Glycyrrhiza glabra (G. glabra) also known as licorice and sweet wood, is native to the Mediterranean and certain areas of Asia. Historically, the dried rhizome and root of this plant were employed medicinally by the Egyptian, Chinese, Greek and Indian civilizations as an expectorant and carminative[3]. Licorice is known to have antibacterial, antiviral, antioxidant, antiinflammatory, anti-tussive, anti-ulcer, anticancer and hepatoprotective activities[4].
NP has been described as “the worst of tortures which a nerve wound may experience”[5]. NP is prominently experienced as a complication of diabetes, herpes-zoster infection, Human Immunodeficiency Virus (HIV) infection and cancer[6]. The pathophysiology of NP is complex. Peripheral NP is divided into two types depending on its pathophysiology, spontaneous pain (stimulus-independent pain) and evoked pain (stimulus dependent pain)[7]. Stimulus dependent pain results due to over activity of nociceptors. These receptors get stimulated by various stimuli such as mechanical stimuli, thermal stimuli and chemical stimuli. Mechanosensitive nociceptors are activated by pressure and mechanical stress. Thermosensitive receptors are sensitive to heat above 43°-45°[8]. Inflammation within the nerve tends to release variety of endogenous and exogenous substances like prostaglandins, bradykinin, histamine, serotonin, Tumor Necrosis Factor-alpha (TNF-α) and nerve growth factor, which also stimulates nociceptors. Nerve injury also induces up regulation of receptors of TRP family, such as TRPV1[8]. Formation of Advanced Glycosylated End products (AGEs) is related to diabetic neuropathy.
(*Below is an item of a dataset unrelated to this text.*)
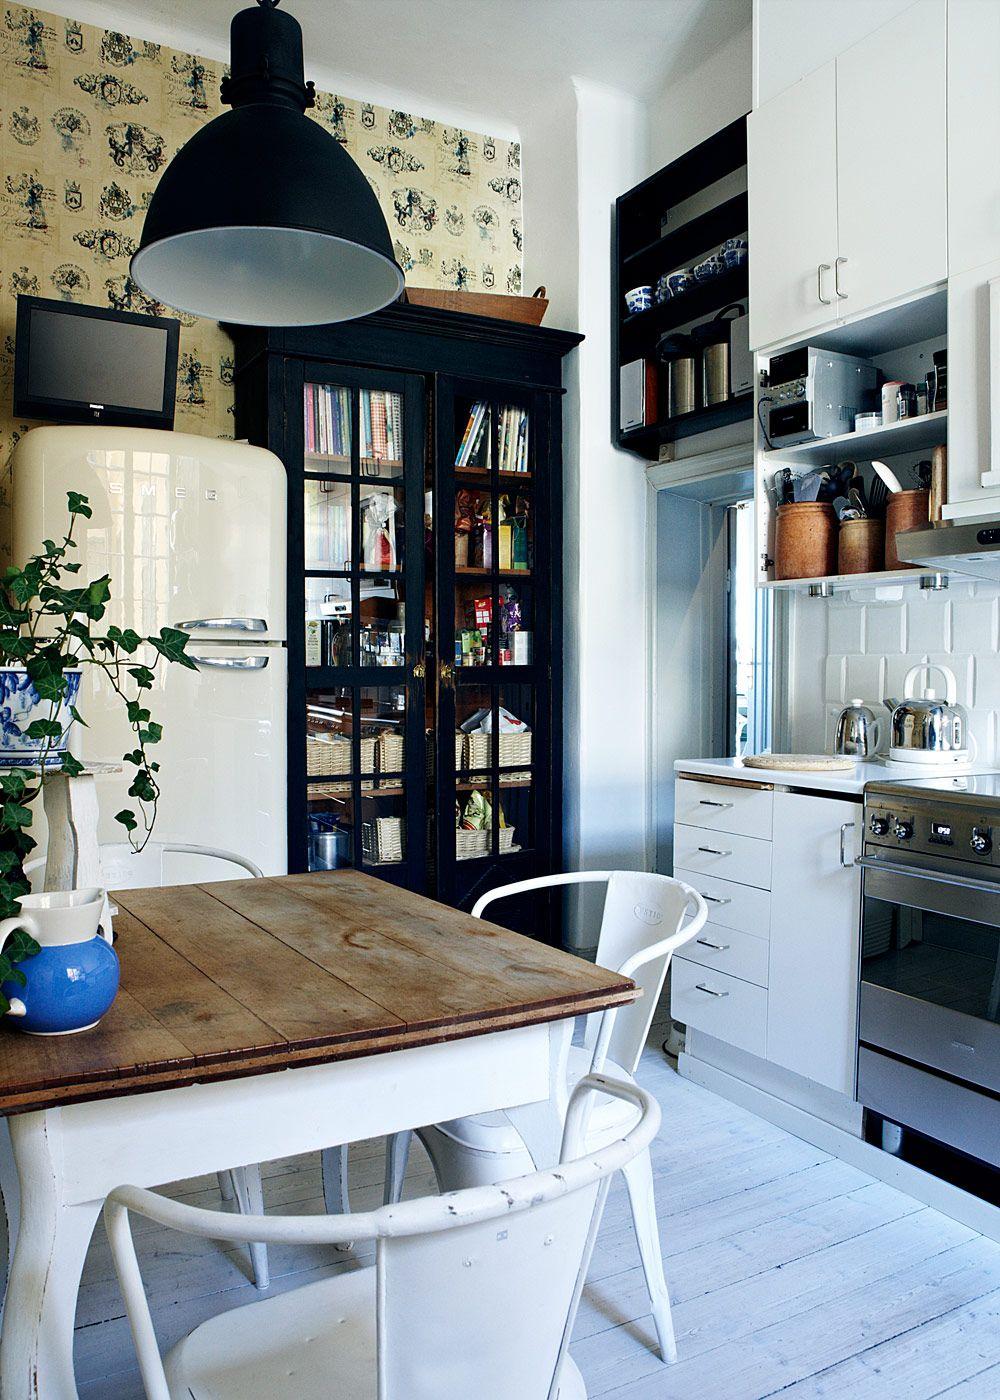 Cozy Kitchen Heminredning Kok Koksdesigner Sweet Home

It is also been found that in diabetic neuropathy, AGEs and Receptors for AGE (RAGE) interactions induce oxidative stress, result in up regulation of Nuclear Factor-Kappa B (NFkB) and various NF-kB-mediated proinflammatory genes, inducing altered pain sensation[9]. Apart from sodium and alpha adrenoceptors, calcium channels are also shown to be involved in pathophysiology of NP. The aim of this paper is to evaluate phytoconstituents of licorice by network pharmacological techniques to predict their mechanism of action against NP.
Materials and Methods
The information regarding BAs of licorice, its TARs involved in NP, genes associated with NP were collected from various databases as follows.
BAs:
The list of BAs from licorice was obtained from Dr. Duke's Phytochemical and Ethno botanical databases[10]. (Version is 1.9.12.6-Beta_2019-02-06). This website provides information about different chemicals present in plant. The website also gives list of chemicals in different parts of plants and it also provides a comprehensive list of chemicals with their [11]. For the current study, list of BAs from roots and rhizomes of licorice was downloaded.
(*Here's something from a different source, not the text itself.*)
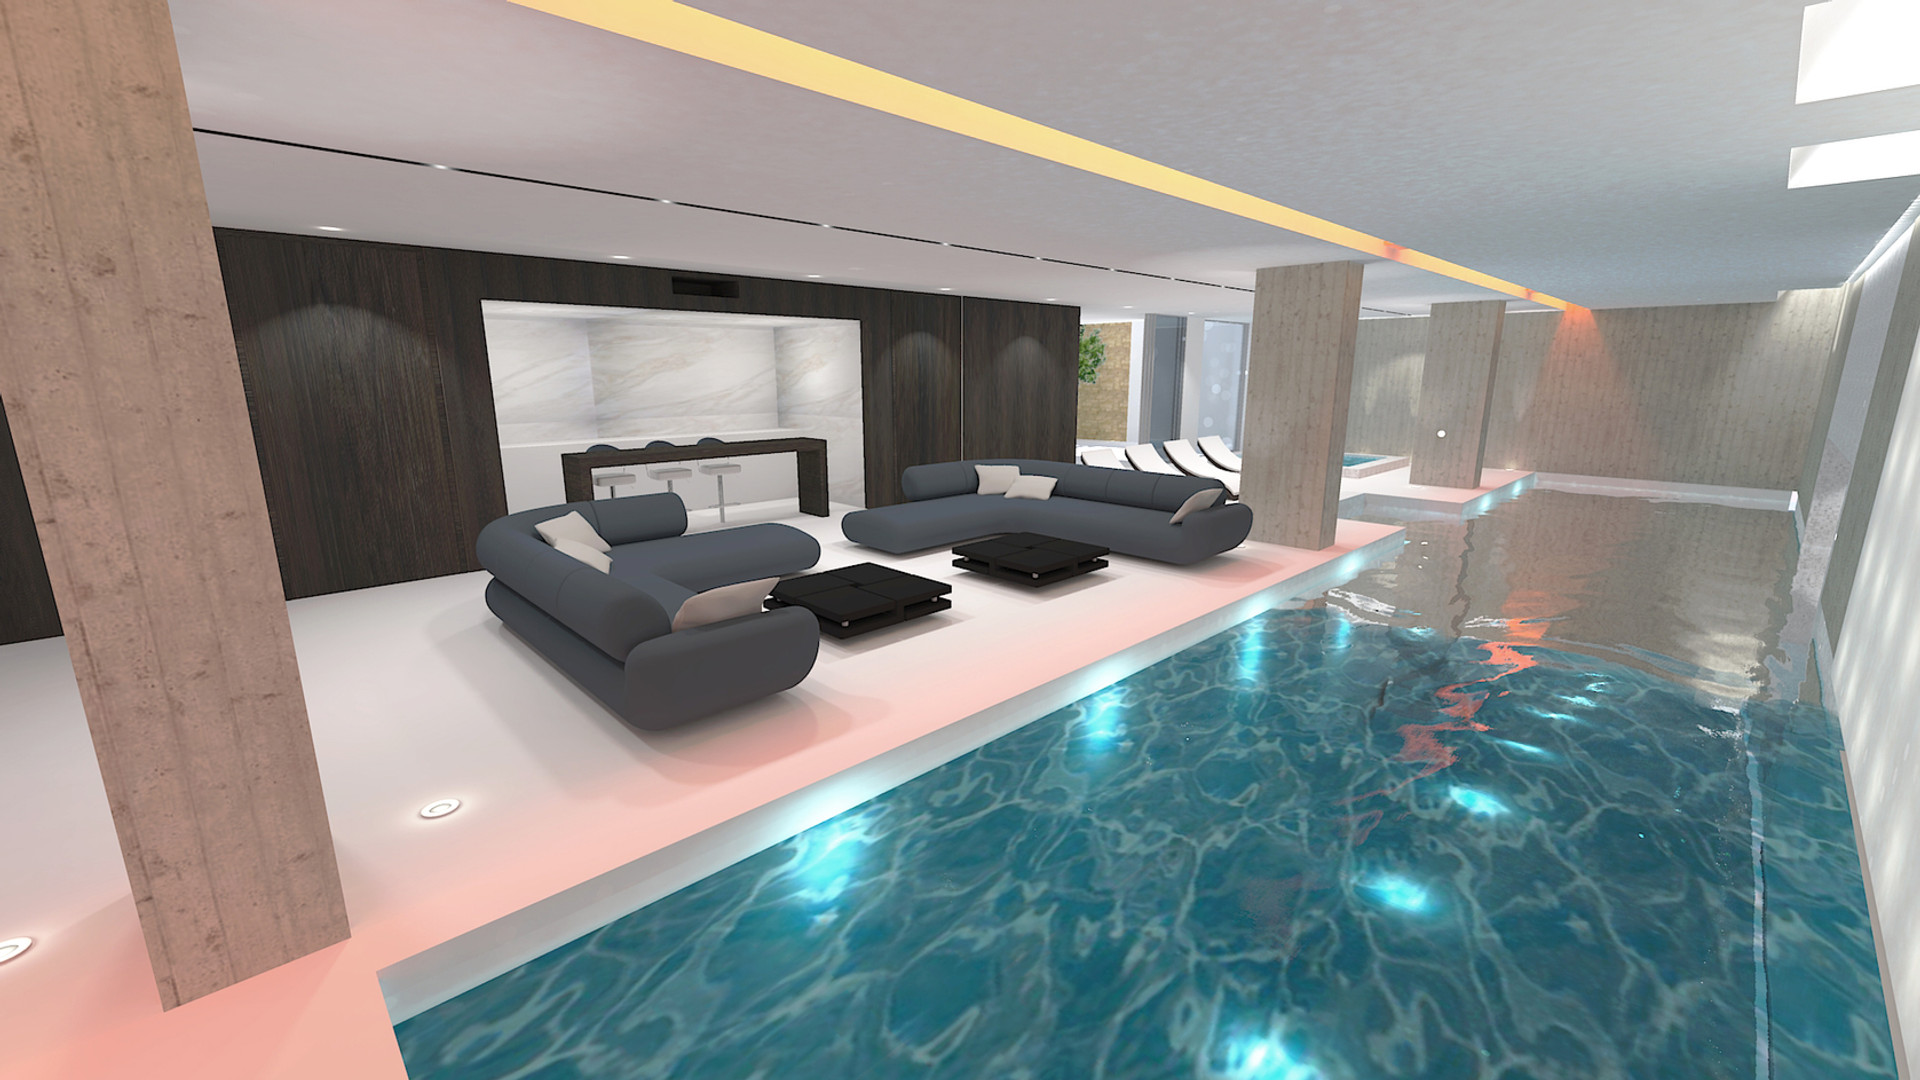 Swimming pool visualisation 3D

The search of BAs was further narrowed down using PubMed and Google Scholar. Articles dealing with Glycyrrhiza uralensis, Glycyrrhiza inflata and Glycyrrhiza echinata were excluded from search as scope of this study were limited to G. glabra. Articles describing chemical analysis of aerial parts of licorice were excluded from search as the aim of the study is restricted to phytoconstituent of licorice root. Further molecular structures of these BAs were searched from databases like PubChem and Chem Spider. The names of BAs, their molecular formula, PubChem IDs were noted down and its Three Dimensional (3D) structures were downloaded in Standard Delay Format (SDF).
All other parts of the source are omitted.